Despite the claims of the liberal press that the AKP is the only 
democratic force in the country that is capable of breaking with 
the bad old ways, the gap between the rhetoric and actions of the 
AKP government is widening and its false liberal credentials are 
being exposed by the day. It has been walking a tightrope. It is 
in this context that we should view its sop to the working class 
of declaring May Day an official holiday and allowing the trade 
unions to hold a joint May Day rally in Taksim Square. The police 
and security forces were held back.

And the trade union-organised rally won huge support. A generation 
of old militants who had taken part in the demonstrations in the 
same square in the 70s returned to commemorate their fallen 
comrades and show their grandchildren where they were on Bloody 
May Day 1977. The nostalgia of the older generation aside, the 
younger generation finally felt something had been achieved.

However, the demonstration showed the left in its true state - in 
tatters. Its fragmented parts, neither willing nor able to 
organise unitedly, were exposed as what they are - relics of a 
bygone age, each distinguished by their separate slogans of 
yesteryear. Their efforts to support practical working class 
struggles are deflected and warped.

All in all, though, May Day 2010 marks a positive step towards a 
new consciousness. The working class is frustrated by the 
impotence that fragmentation produces. It is not content with 
curtailed trade union and political rights graciously conceded by 
the ‘liberal’ AKP. It will not be bought off by the palliatives of 
the government and demands, instead, genuine, substantitive change.

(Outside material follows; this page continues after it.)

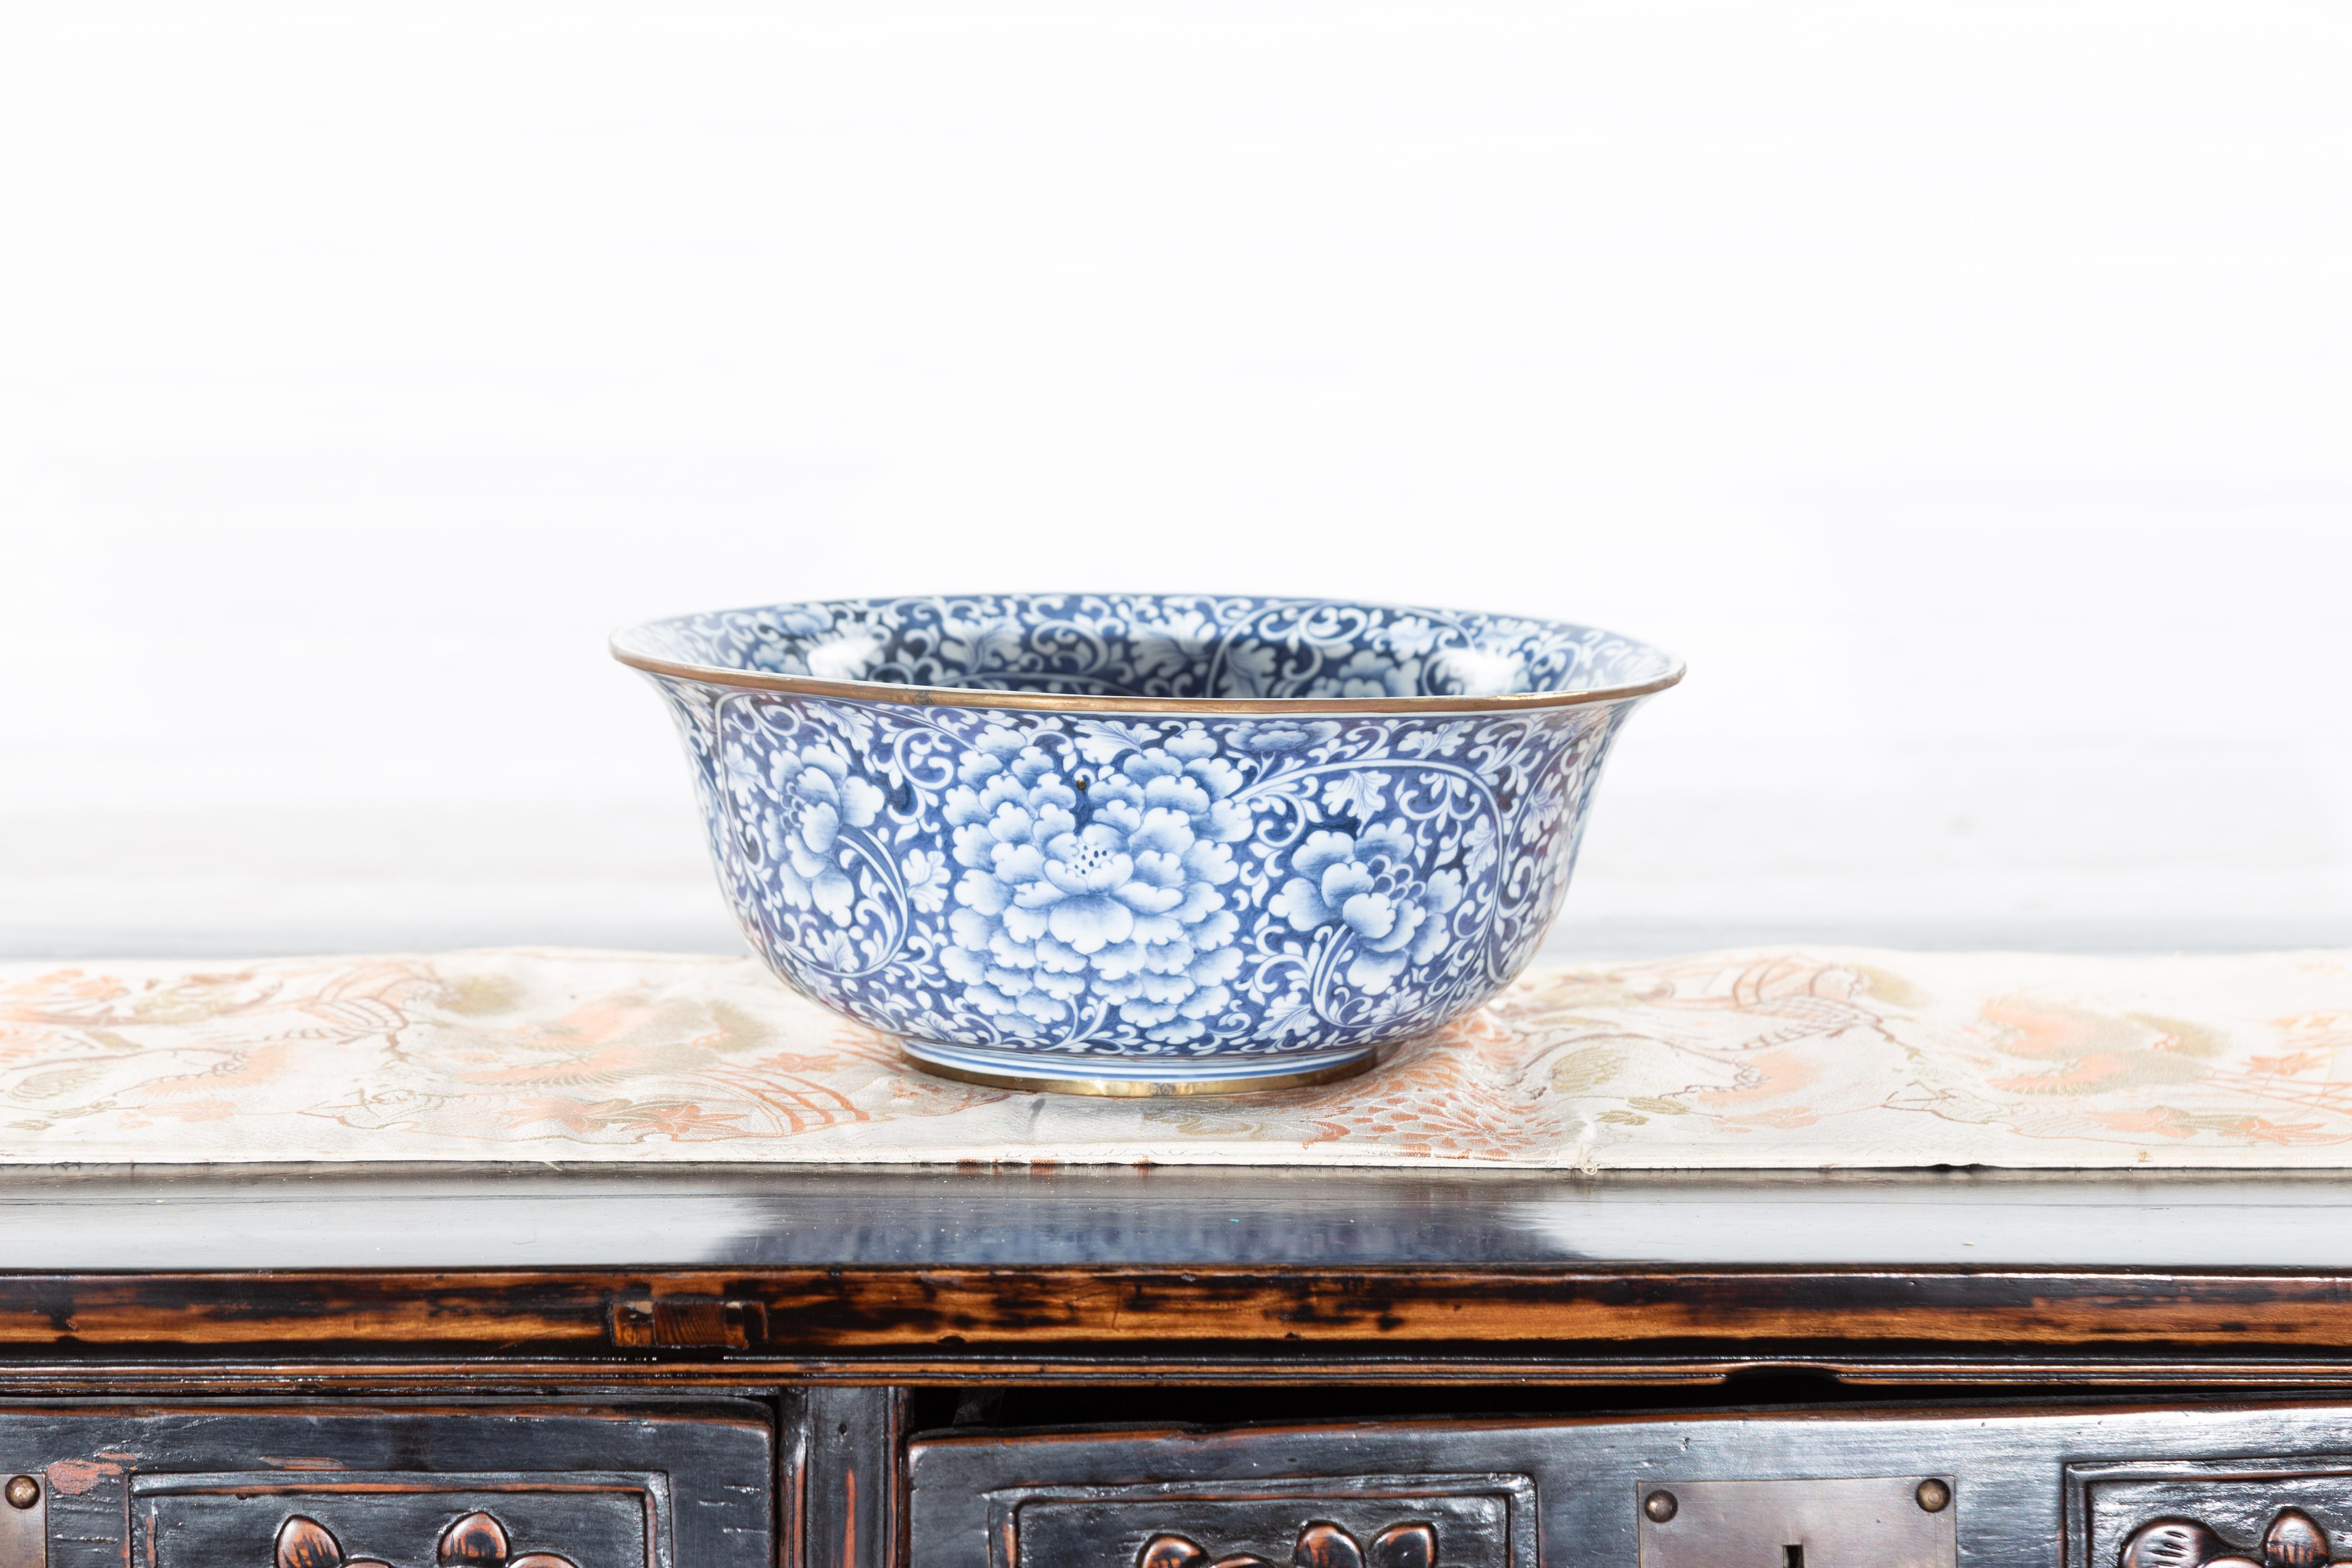 Contemporary Thai Hand-Painted Blue and White Porcelain Bowl with Floral Motifs 8

Working class militants will continue to call for a secular and 
democratic republic. They will continue to uphold the national 
rights of the Kurds and fight for an end to discrimination against 
all minorities. Their task is more than ever to bring all these 
forces together in an organisation that looks beyond the horizons 
set by the bourgeoisie.

The working class of Turkey must strive for greater unity in 
struggle with its counterparts across the globe. It must move 
beyond simple economic demands, and embrace the democratic culture 
of the international working class in the battle for the most 
advanced politics and organisational structures.